• [Task prompt] Set down the full listing exactly as given. Any pictures are to be left out.

[[ Dataset excerpt, beginning ]]

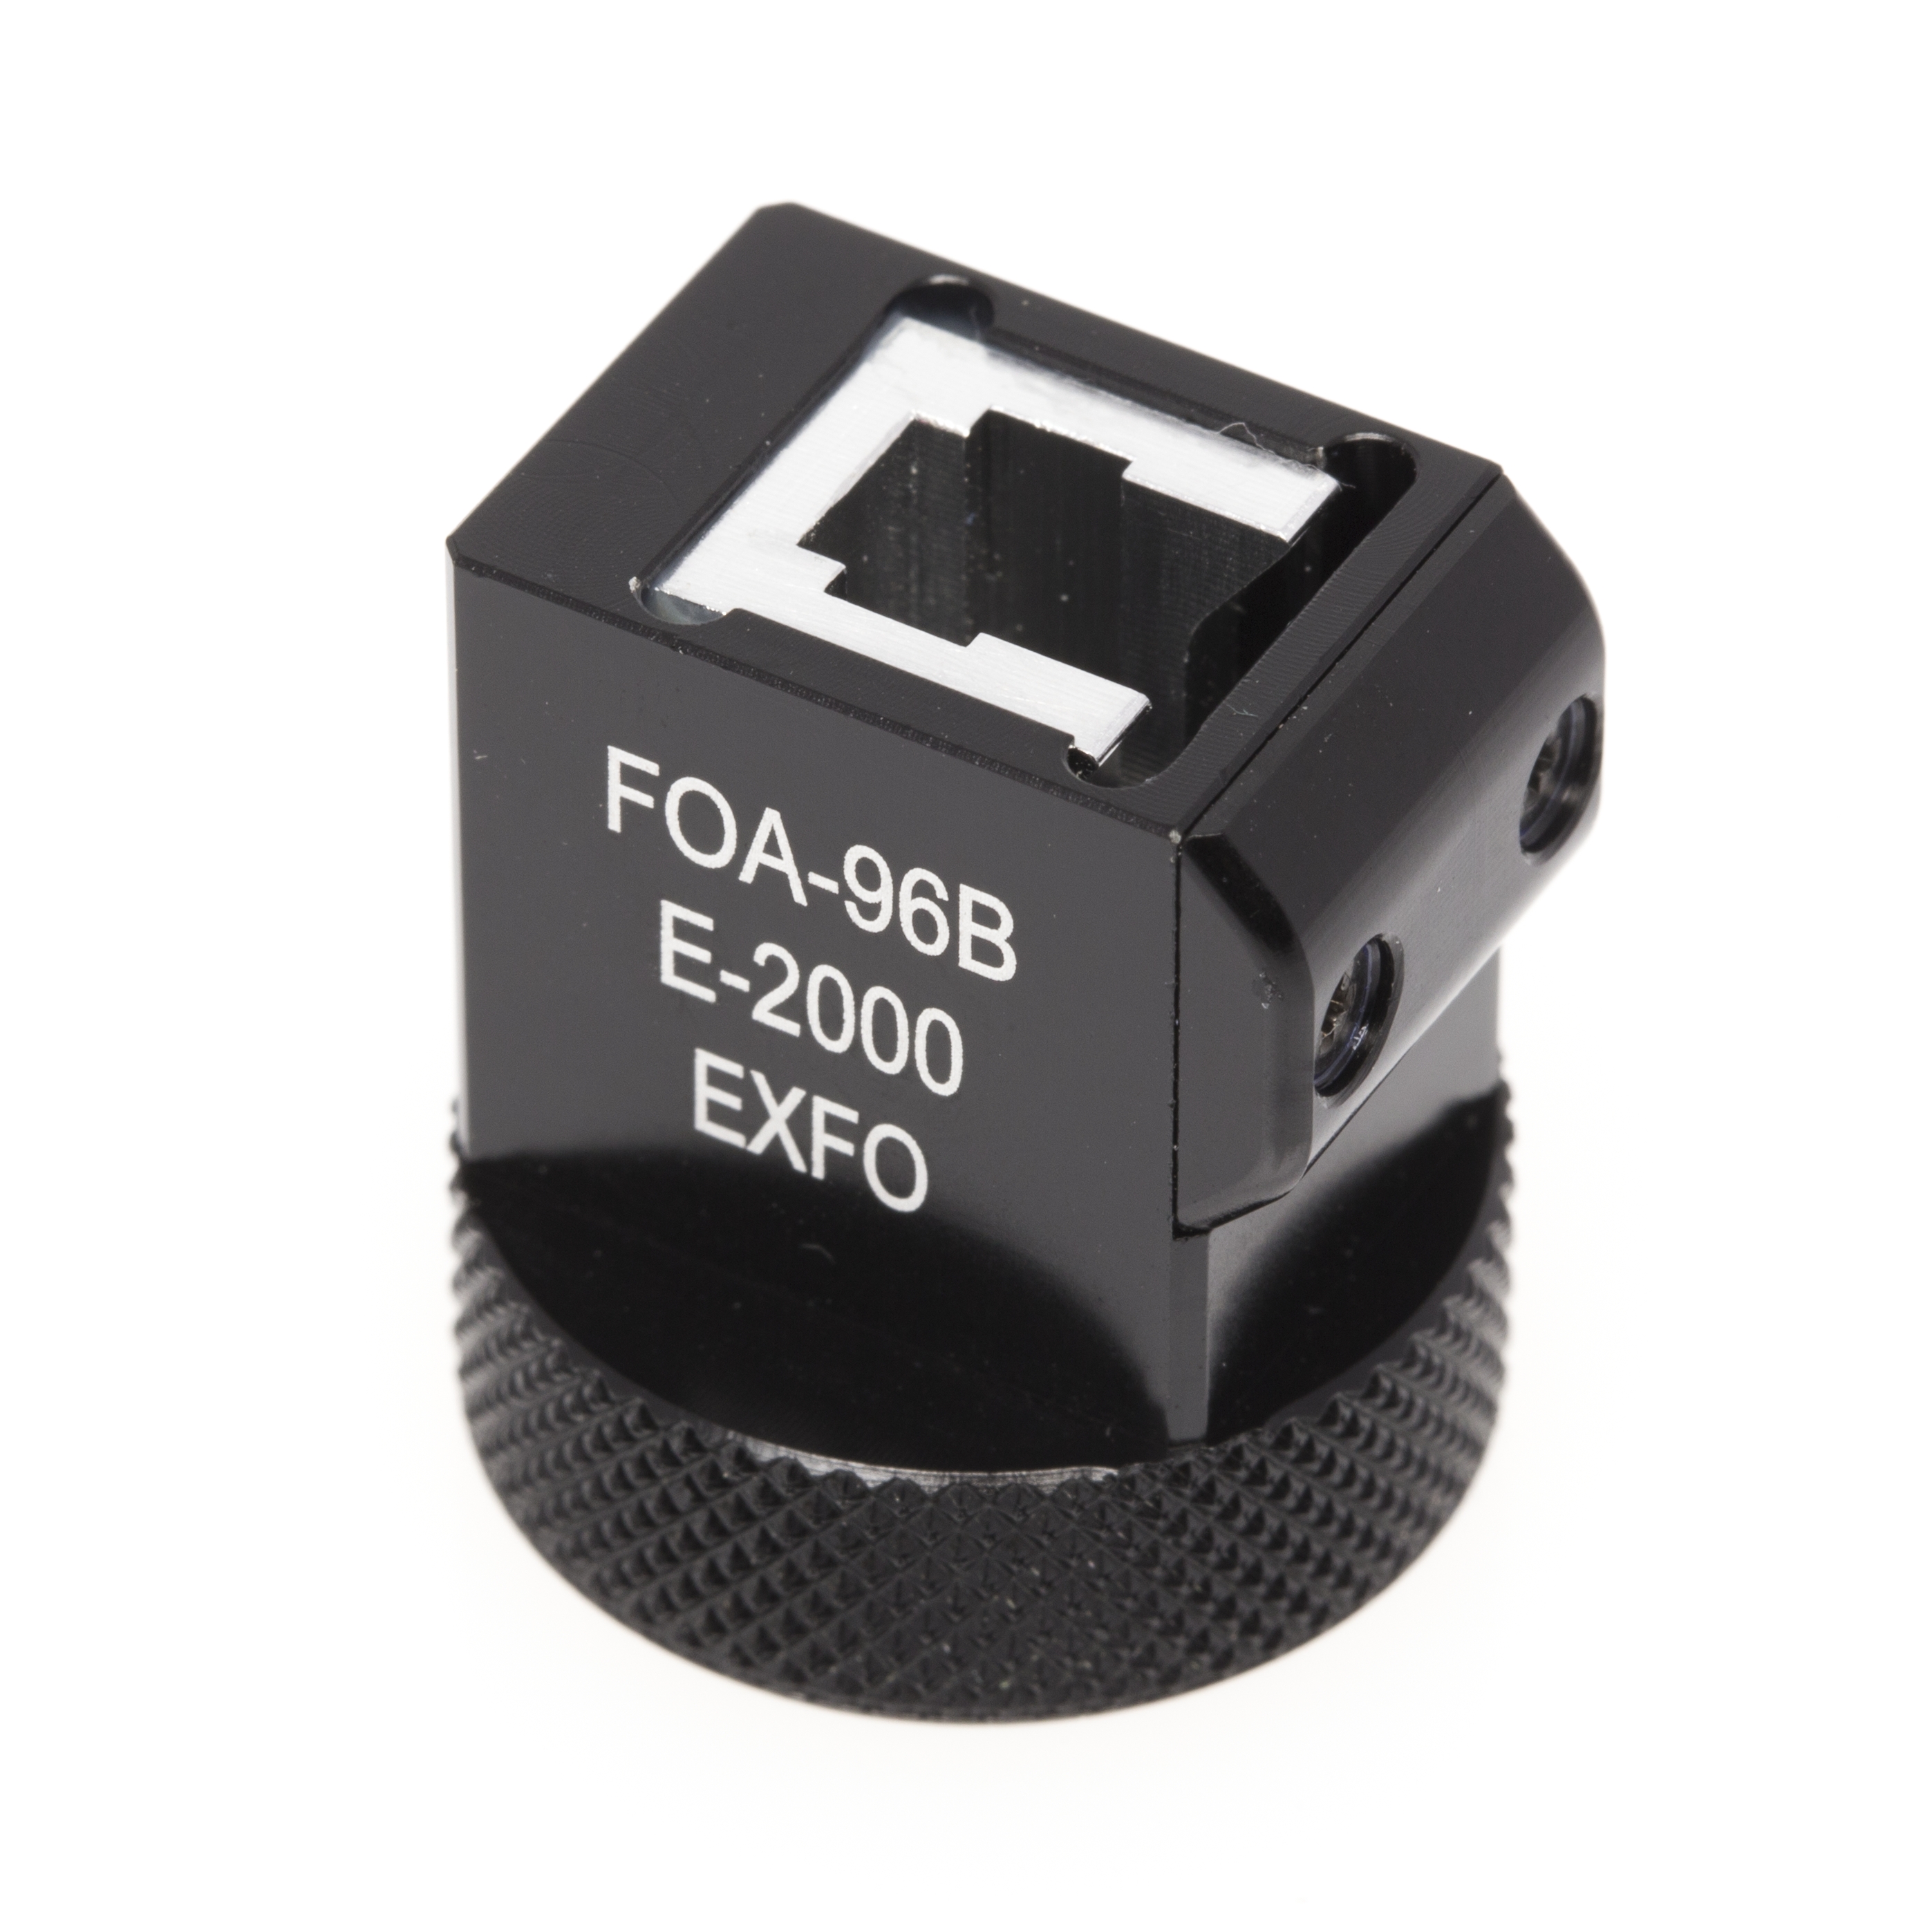 EXFO FOA-96B : Сменный адаптер E-2000 для портативных и встроенных в платформы измерителей мощности
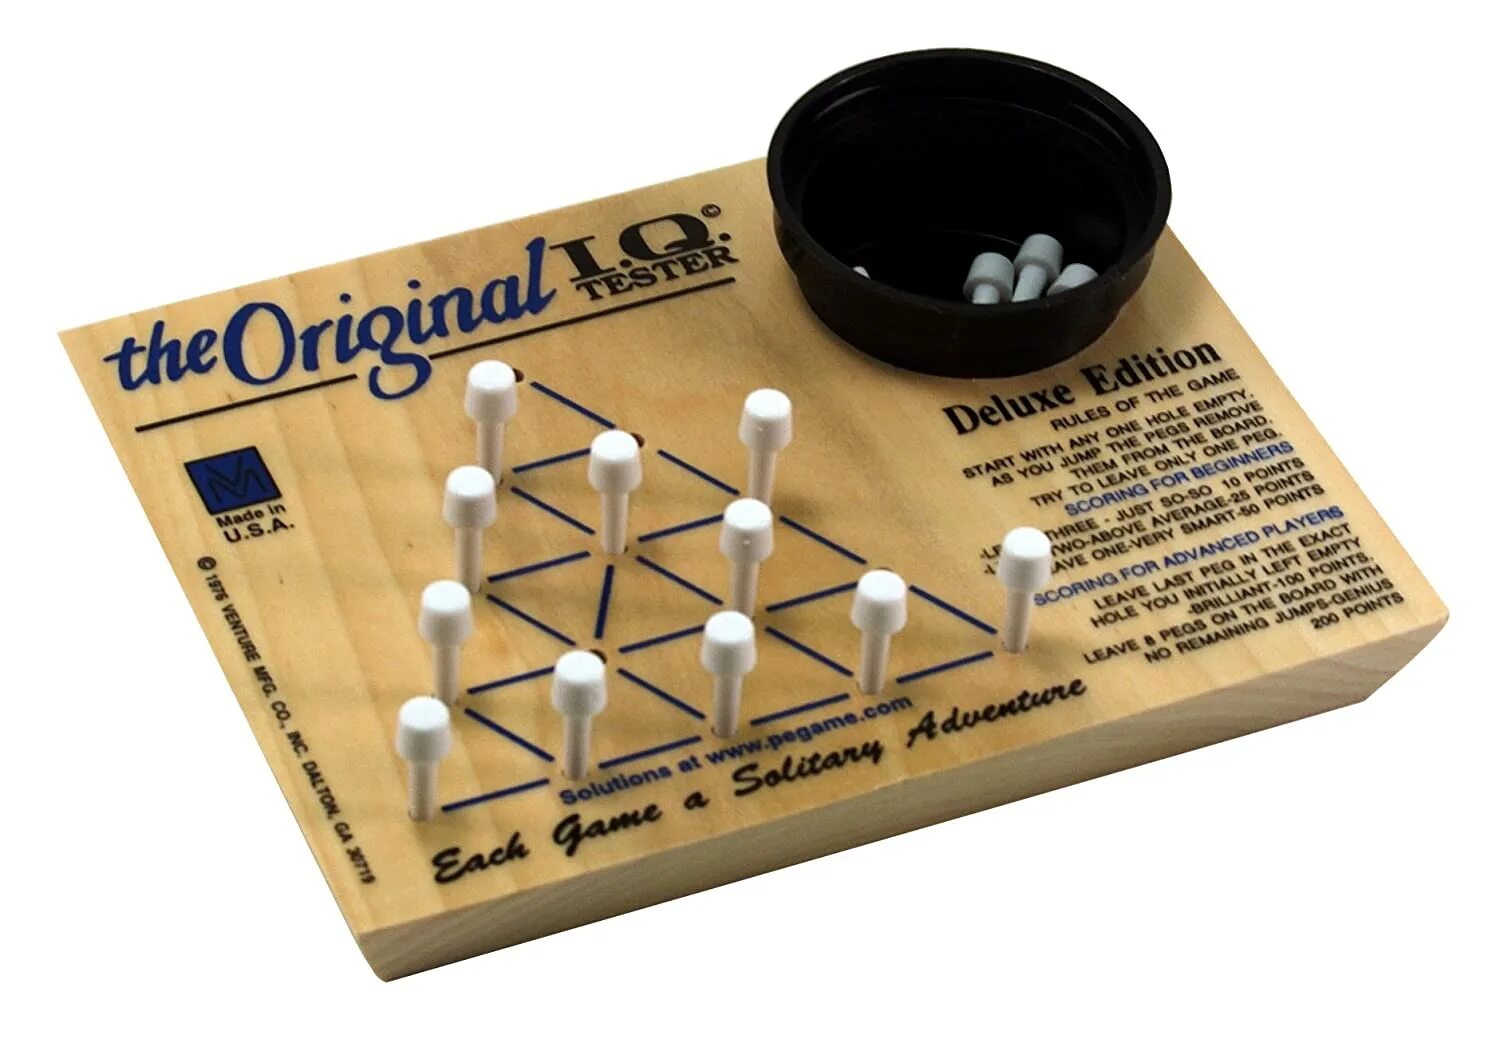 Головоломка оригинал. IQ Test. Головоломка the Original. The Originals IQ Tester. Marble circuit логическая игра.
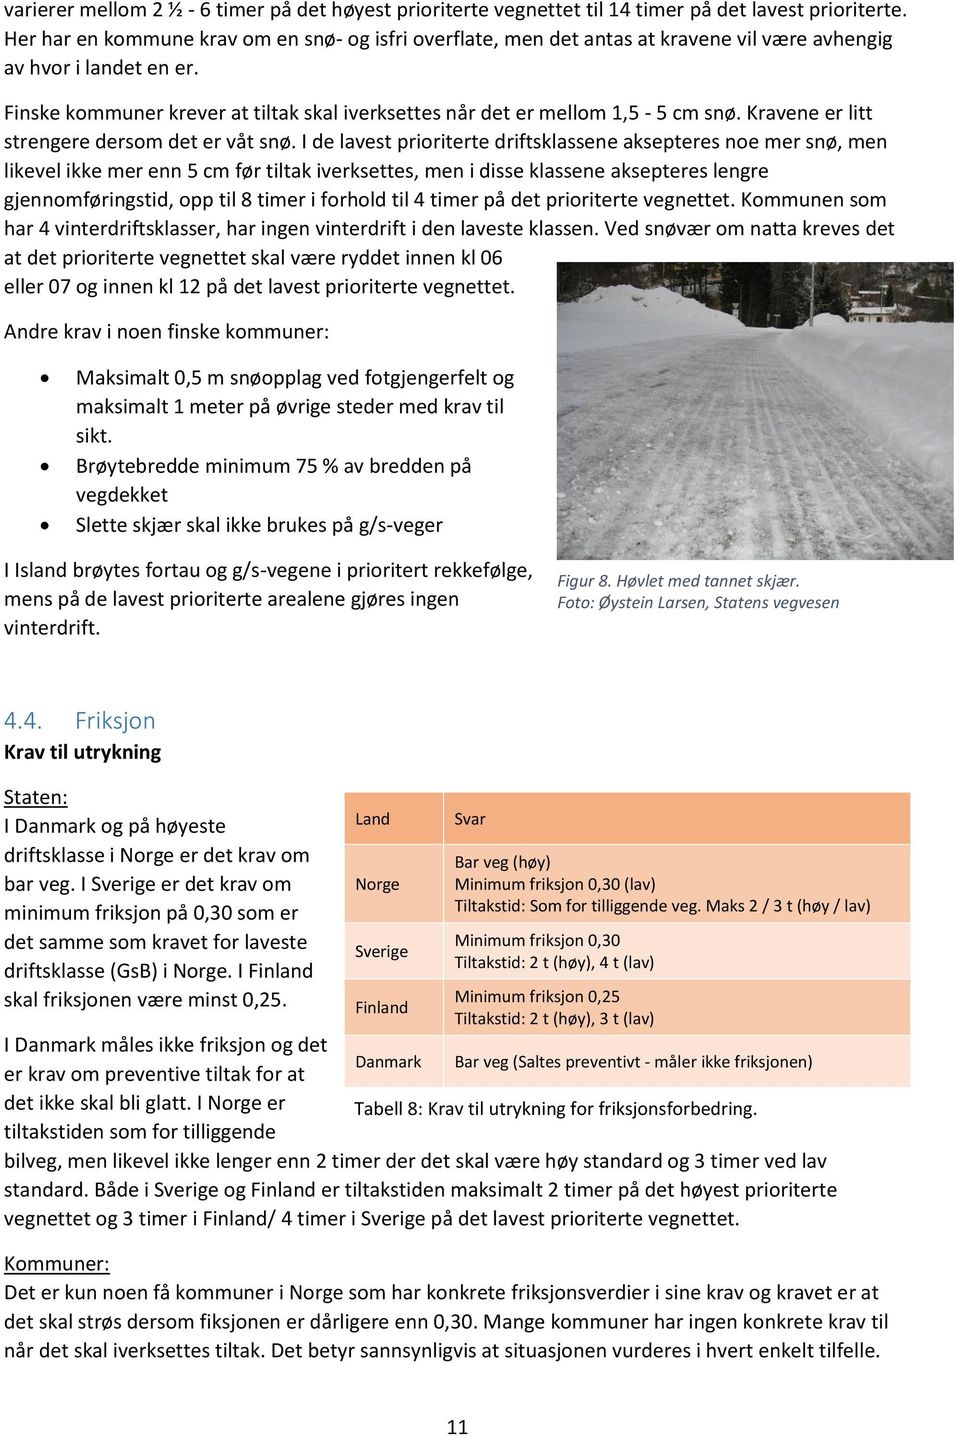 Finske kommuner krever at tiltak skal iverksettes når det er mellom 1,5-5 cm snø. Kravene er litt strengere dersom det er våt snø.

[[ Dataset excerpt, end ]]

• [Task answer]
 EXFO FOA-96B : Сменный адаптер E-2000 для портативных и встроенных в платформы измерителей мощности
 Головоломка оригинал. IQ Test. Головоломка the Original. The Originals IQ Tester. Marble circuit логическая игра.
 Finske kommuner krever at tiltak skal iverksettes når det er mellom 1,5-5 cm snø. Kravene er litt strengere dersom det er våt snø.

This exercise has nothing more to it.